== AVAILABLE DATA ==

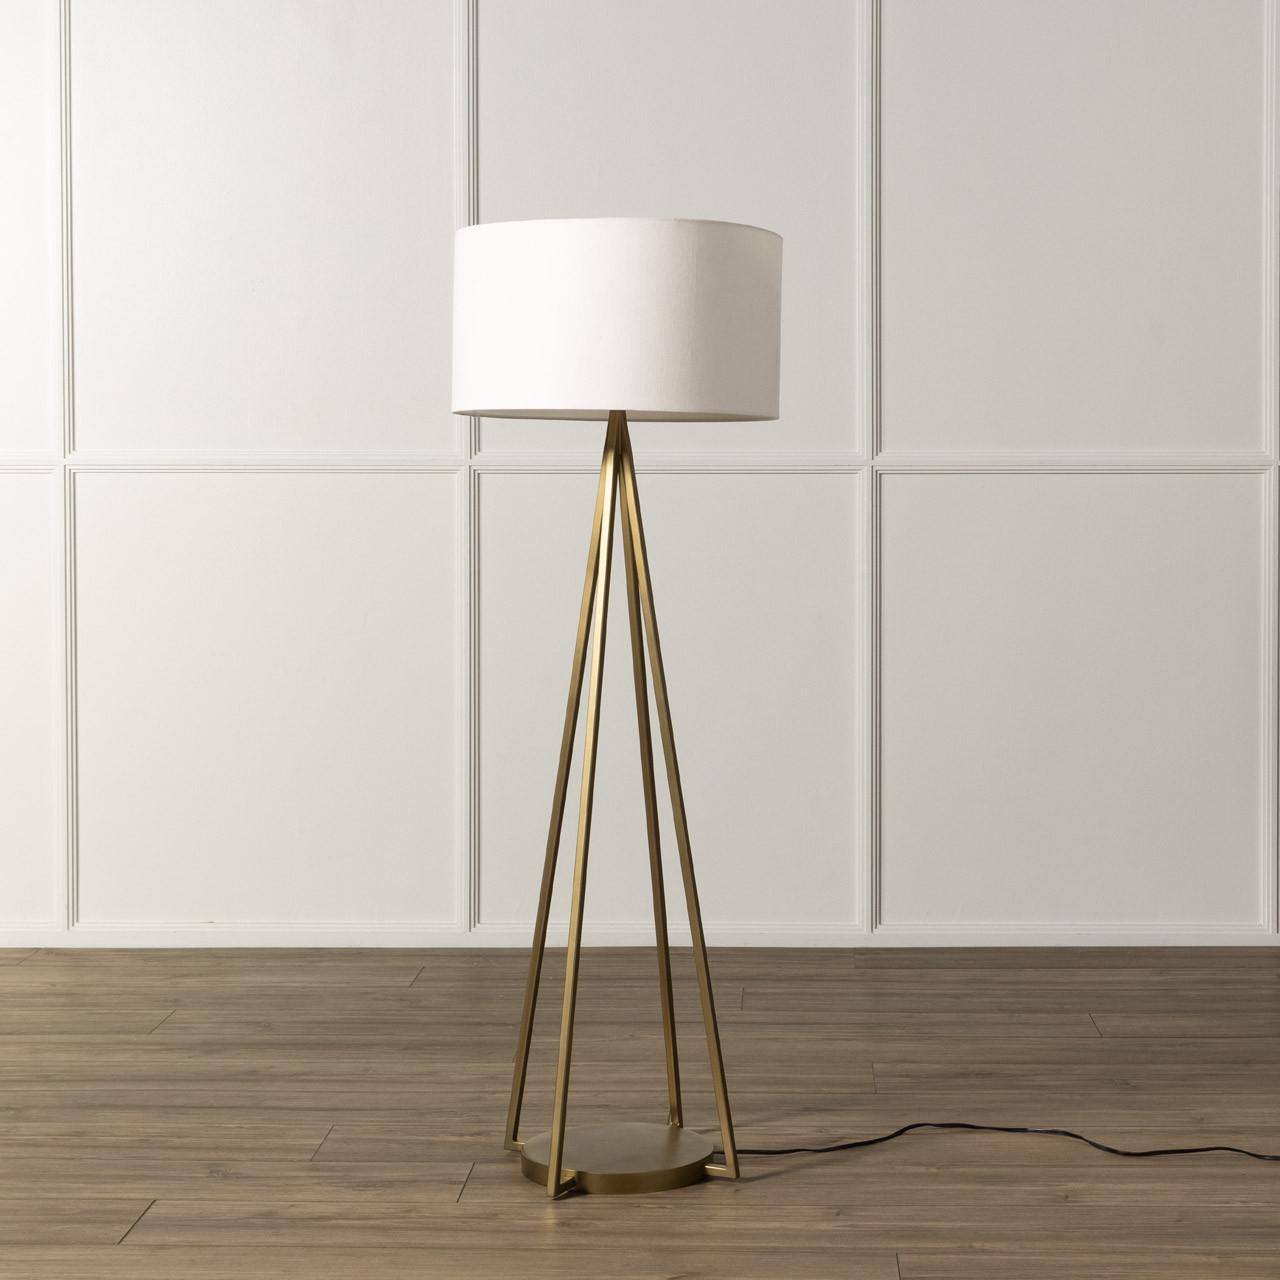 Wes Floor Lamp - Antique Brass
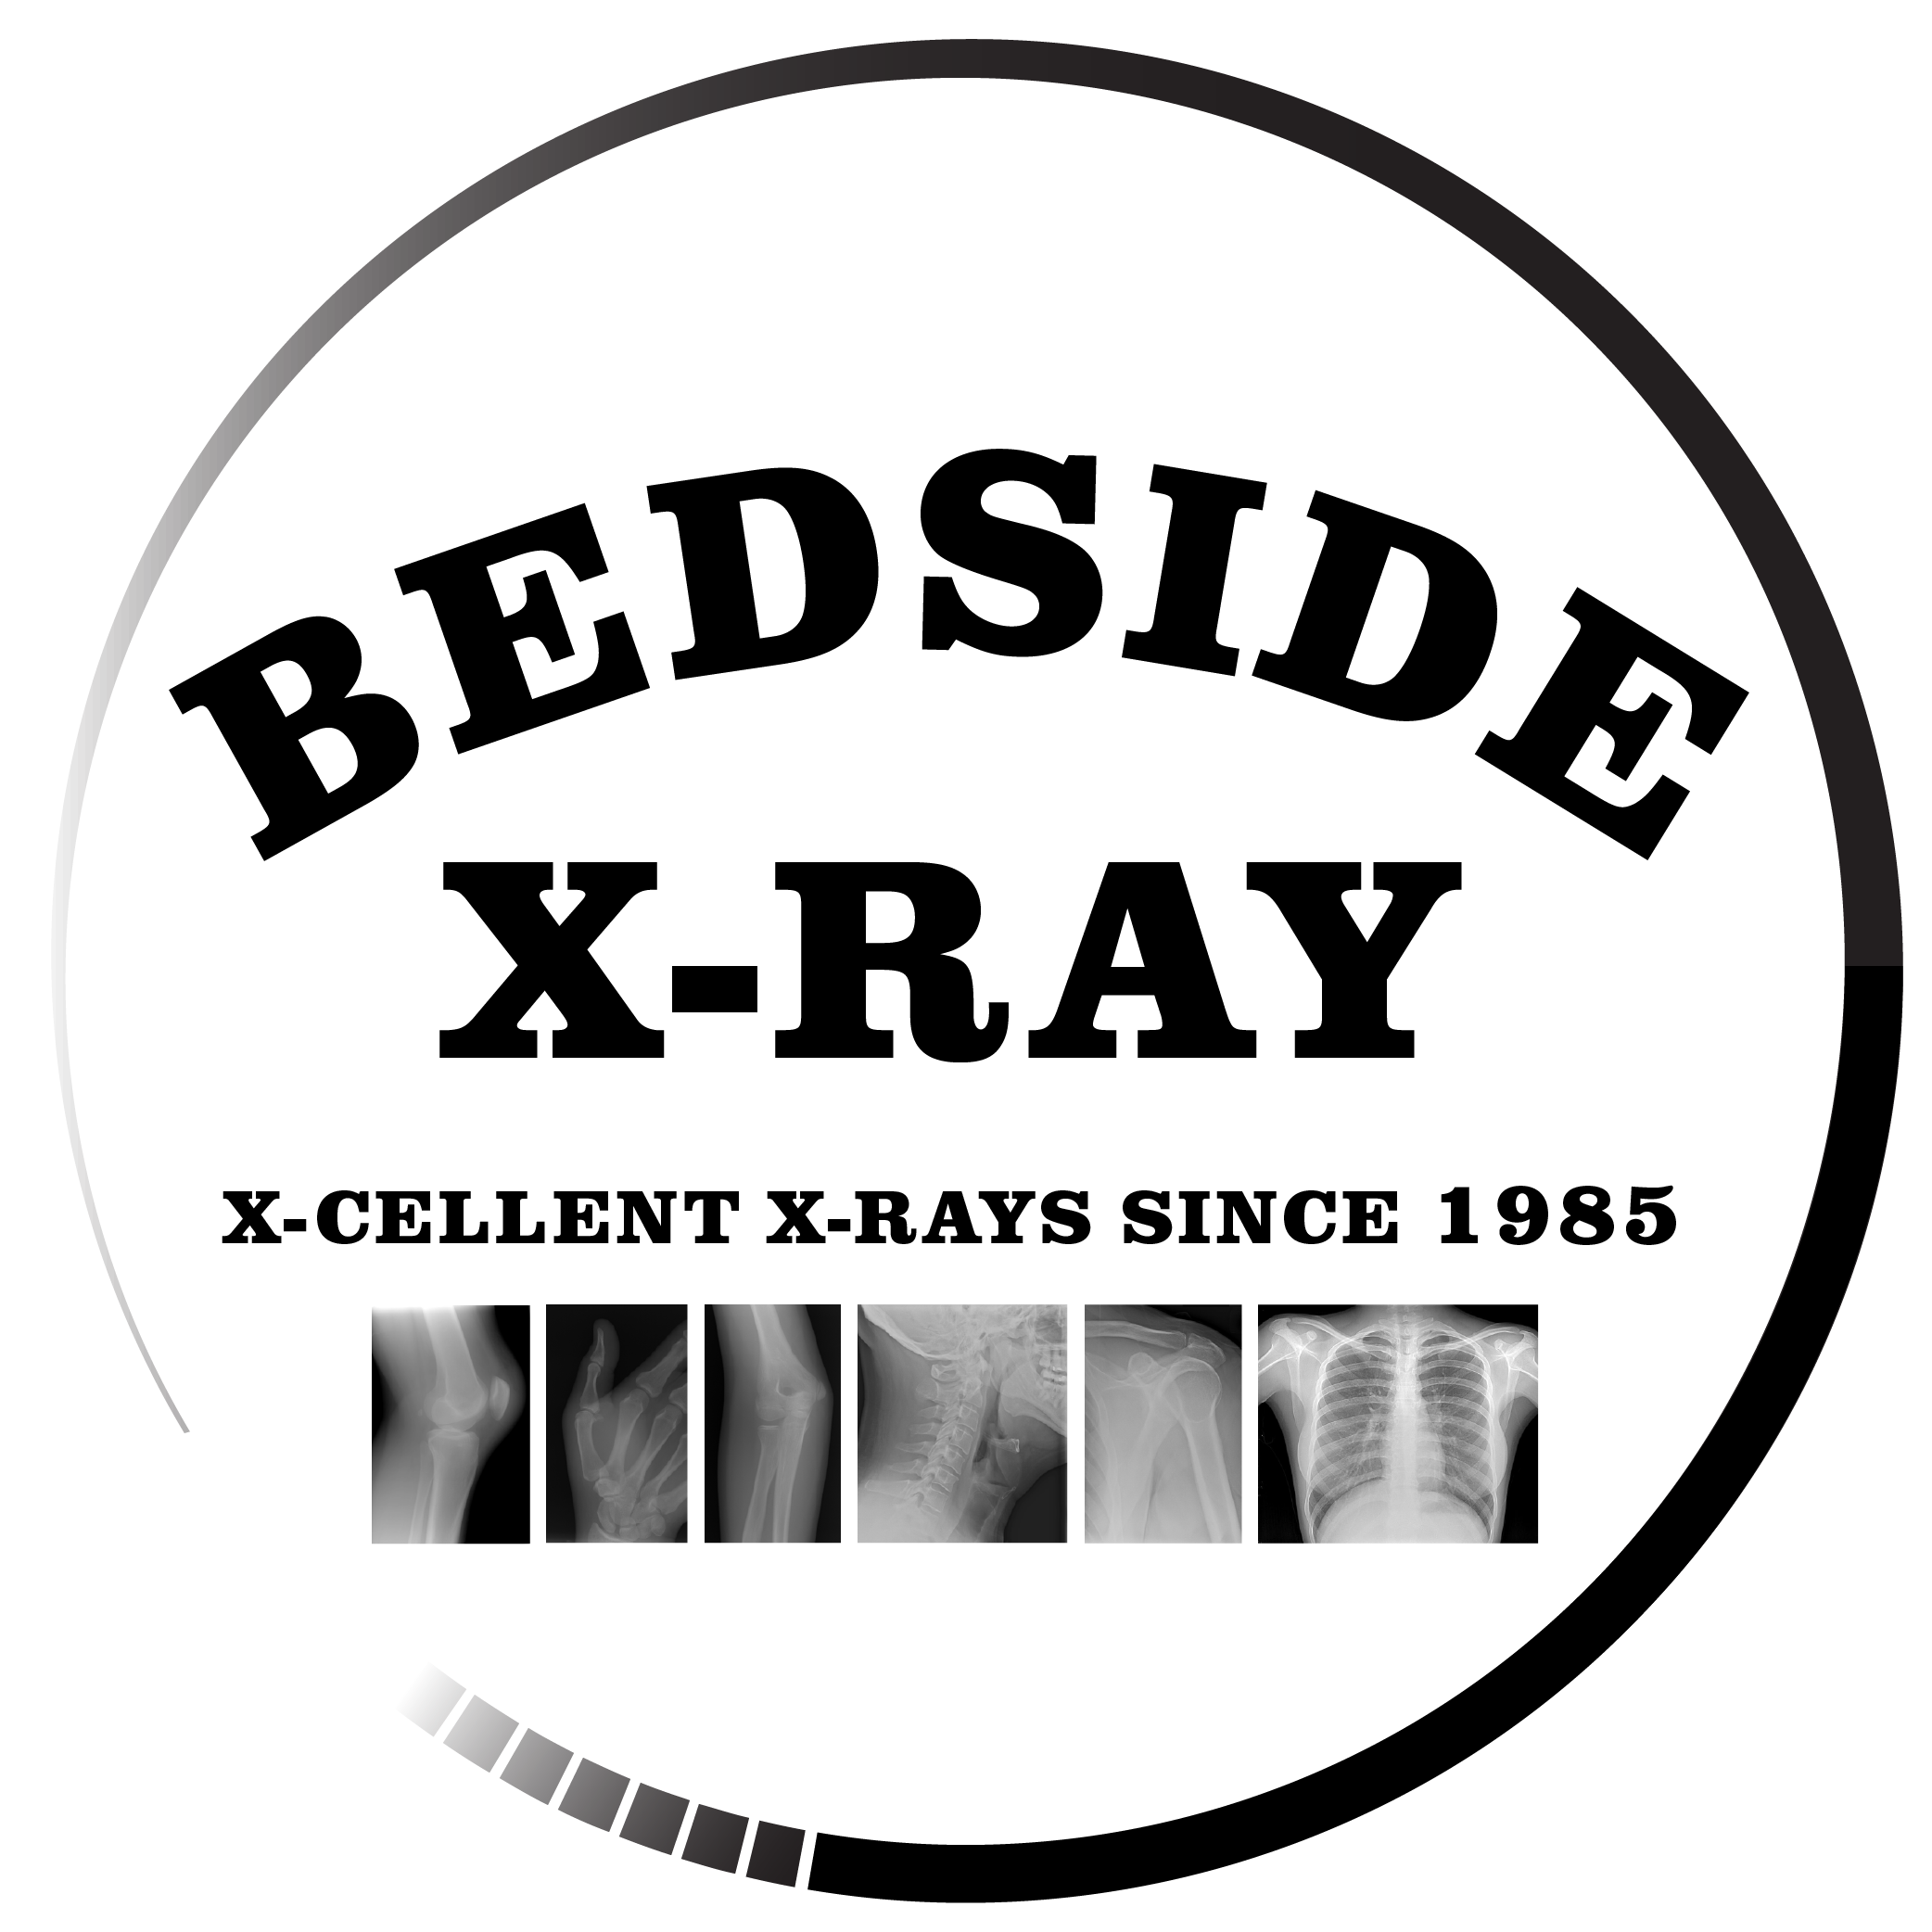 Bedside_Xray_Logo_Final
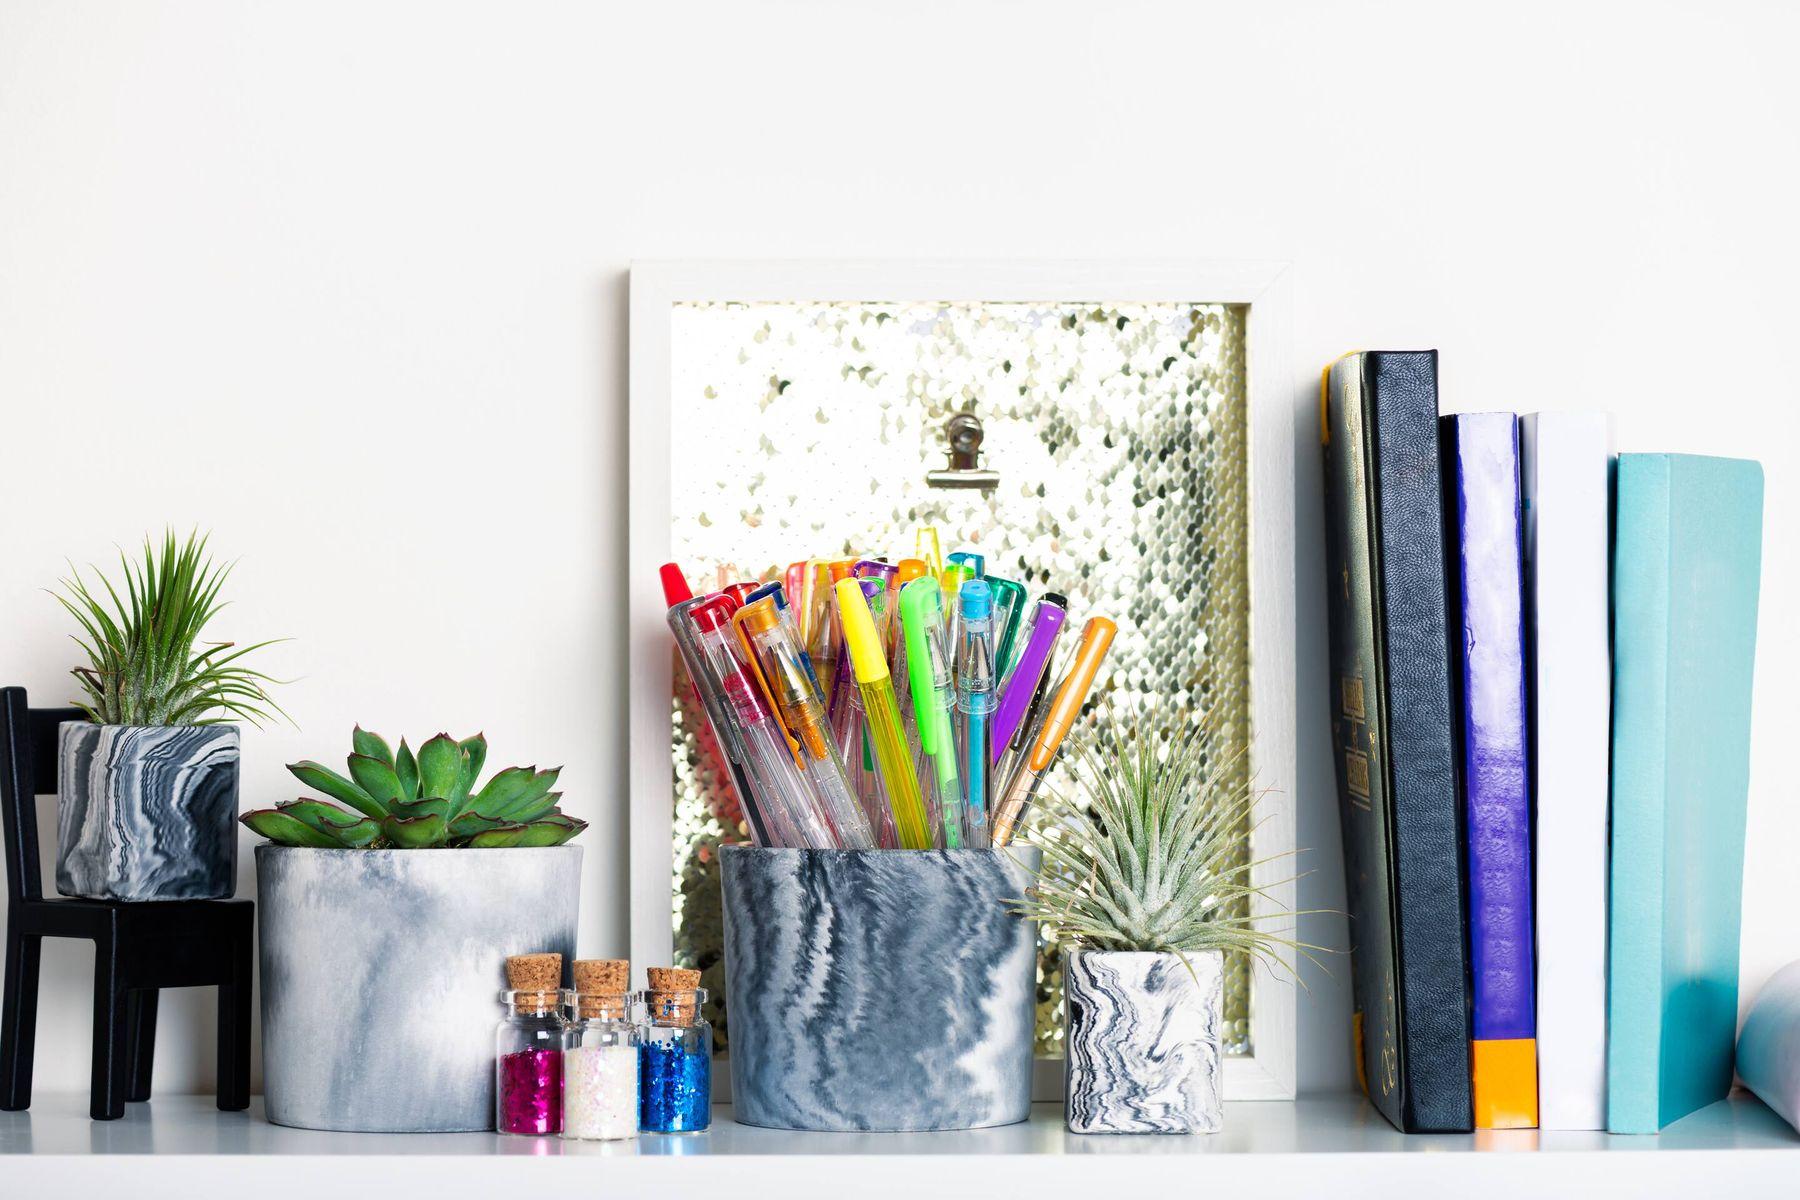 How to Restore Marble showpieces original colour?

===

*WORK REQUIRED*:
If the listing above includes images, copy every line of it exactly except those images.

*SOLVED EXERCISE*:
 Wes Floor Lamp - Antique Brass
 Bedside_Xray_Logo_Final
 How to Restore Marble showpieces original colour?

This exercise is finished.